7. A la différence de l’obligation d’information instituée par le règlement (UE) n° 604/2013 du 26 juin 2013, qui prévoit un document d’information sur les droits et obligations des demandeurs d’asile, dont la remise doit intervenir au début de la procédure d’examen des demandes d’asile pour permettre aux intéressés de présenter utilement leur demande aux autorités compétentes, l’obligation d’information prévue par les dispositions de l’article 29, paragraphe 1, du règlement (UE) n° 603/2013 du 26 juin 2013, a uniquement pour objet et pour effet de permettre d’assurer la protection effective des données personnelles des demandeurs d’asile concernés, laquelle est garantie par l’ensemble des Etats membres relevant du régime européen d’asile commun. Le droit d’information des demandeurs d’asile contribue, au même titre que le droit de communication, le droit de rectification et le droit d’effacement de ces données, à cette protection. Ainsi, si Mme B… entend se prévaloir de l’article 29 cité au point précédent, la méconnaissance de l’obligation d’information qu’il consacre ne peut être utilement invoquée à l’encontre de la décision portant transfert aux autorités portugaises pour examiner sa demande. Par suite, le moyen ne peut qu’être écarté.
8. En quatrième lieu, l’article 4 du règlement (UE) n° 604/2013 du 26 juin 2013 dispose que : « 1. Dès qu’une demande de protection internationale est introduite au sens de l’article 20, paragraphe 2, dans un Etat membre, ses autorités compétentes informent le demandeur de l’application du présent règlement, (…) 2. Les informations visées au paragraphe 1 sont données par écrit, dans une langue que le demandeur comprend ou dont on peut raisonnablement supposer qu’il la comprend. Les Etats membres utilisent la brochure commune rédigée à cet effet en vertu du paragraphe 3. / Si c’est nécessaire à la bonne compréhension du demandeur, les informations lui sont également communiquées oralement, par exemple lors de1'entretien individuel visé à l’article 5. / (…) ».

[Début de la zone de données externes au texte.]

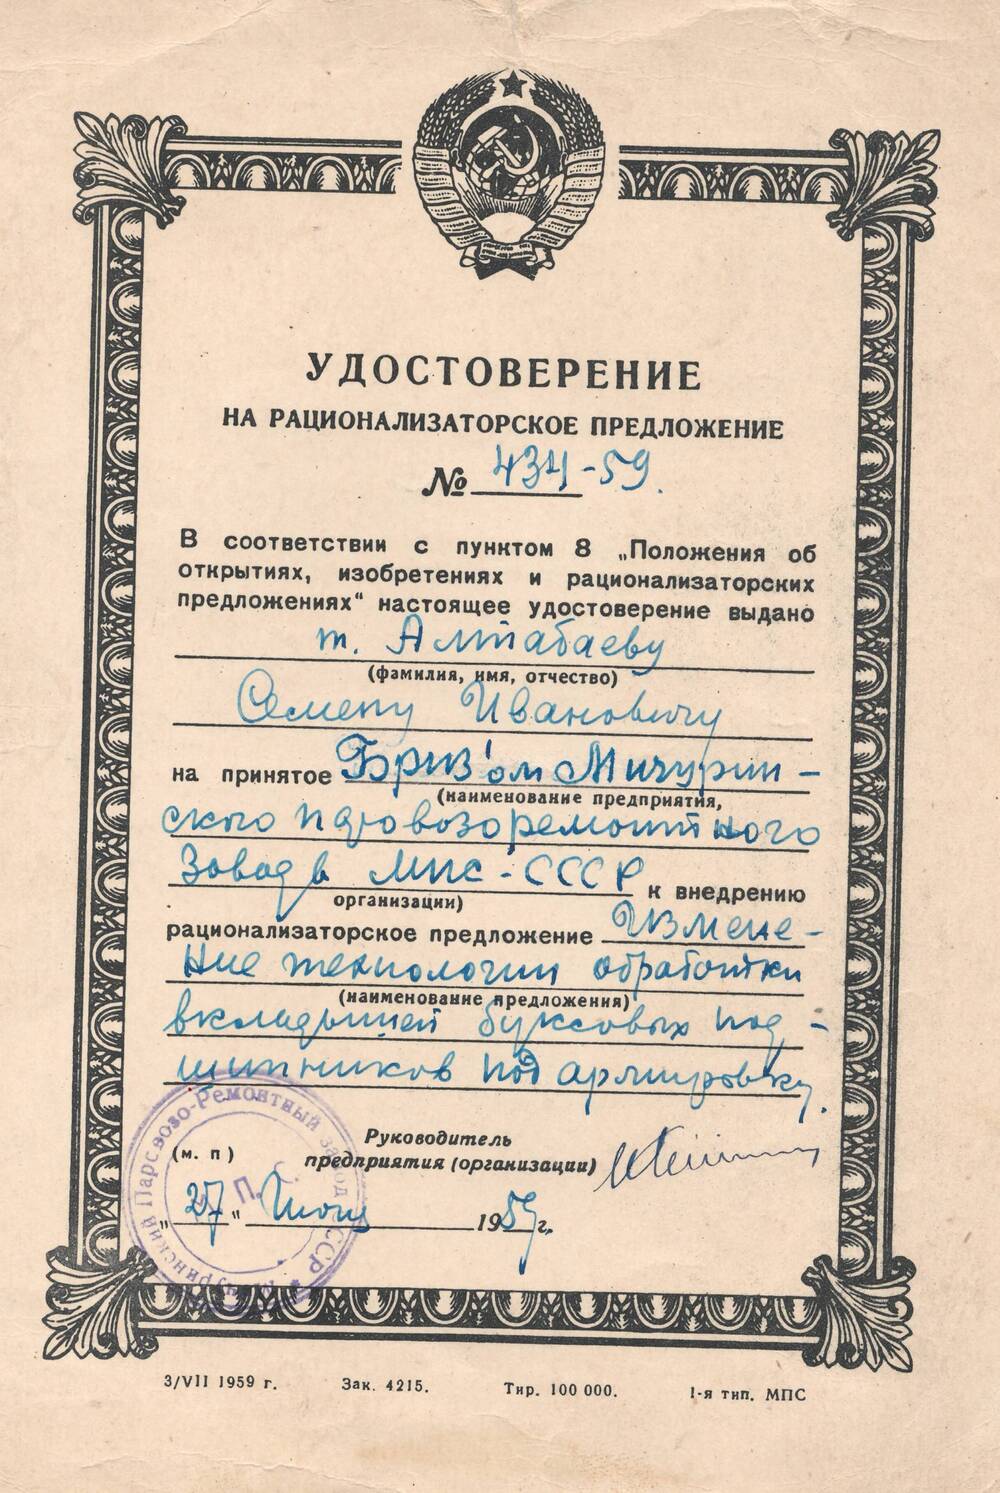 Удостоверение на рационализаторское предложение №434-59, выданное Алтабаеву Семену Ивановичу

9. Il résulte de ces dispositions que le demandeur d’asile auquel l’administration entend faire application du règlement n° 604/2013 du 26 juin 2013 doit se voir remettre, dès le moment où le préfet est informé de ce qu’il est susceptible d’entrer dans le champ d’application de ce règlement, et, en tout cas, avant la décision par laquelle l’autorité administrative décide de ne pas instruire la demande de l’intéressé au motif que la France n’est pas responsable de sa demande d’asile, une information complète sur ses droits, par écrit ou, si nécessaire pour la bonne compréhension du demandeur, oralement, et dans une langue qu’il comprend. Cette information doit comprendre l’ensemble des éléments prévus au paragraphe 1 de l’article 4 du règlement. Eu égard à la nature de ces informations, leur délivrance complète par l’autorité administrative, notamment par la remise de la brochure prévue par les dispositions précitées, constitue pour le demandeur d’asile une garantie.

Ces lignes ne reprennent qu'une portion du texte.